#### EXERCISE OBJECTIVE:
Restate the listing below word for word, and leave its pictures behind.

#### DATASET CONTENT:
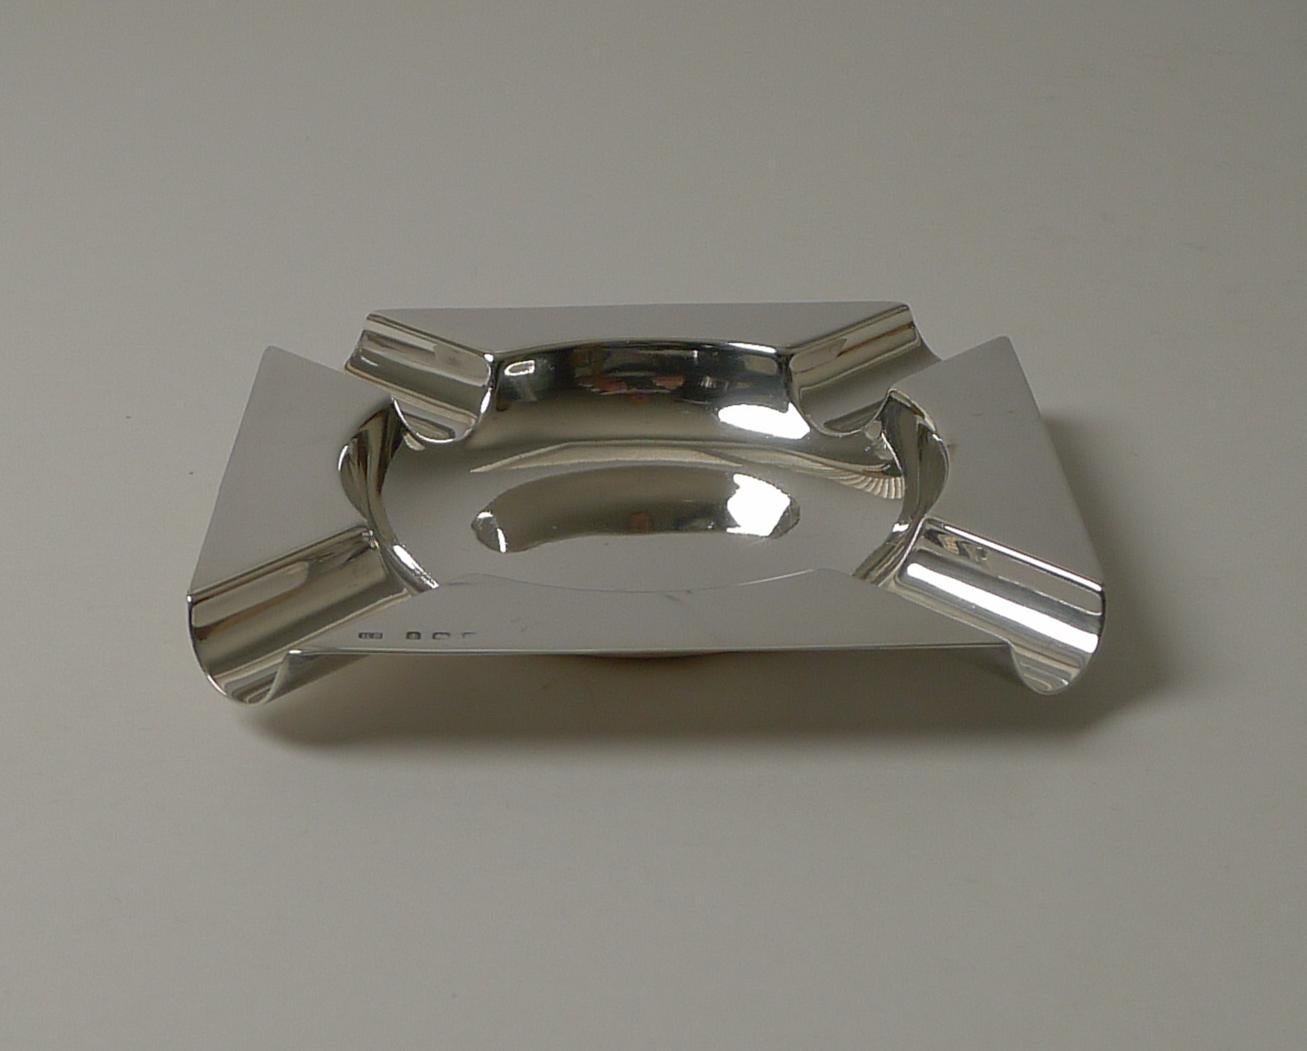 A lovely quality vintage solid silver ashtray, a good solid piece with a good weight @ 95.5 Grams / 3.07 Troy Ounces.

Fully hallmarked for Birmingham 1928, nearly 100 years old; the maker mark is also present for Spencer and Co. 

Excellent

#### SOLUTION TO THIS PROBLEM:
 A lovely quality vintage solid silver ashtray, a good solid piece with a good weight @ 95.5 Grams / 3.07 Troy Ounces.

Fully hallmarked for Birmingham 1928, nearly 100 years old; the maker mark is also present for Spencer and Co. 

Excellent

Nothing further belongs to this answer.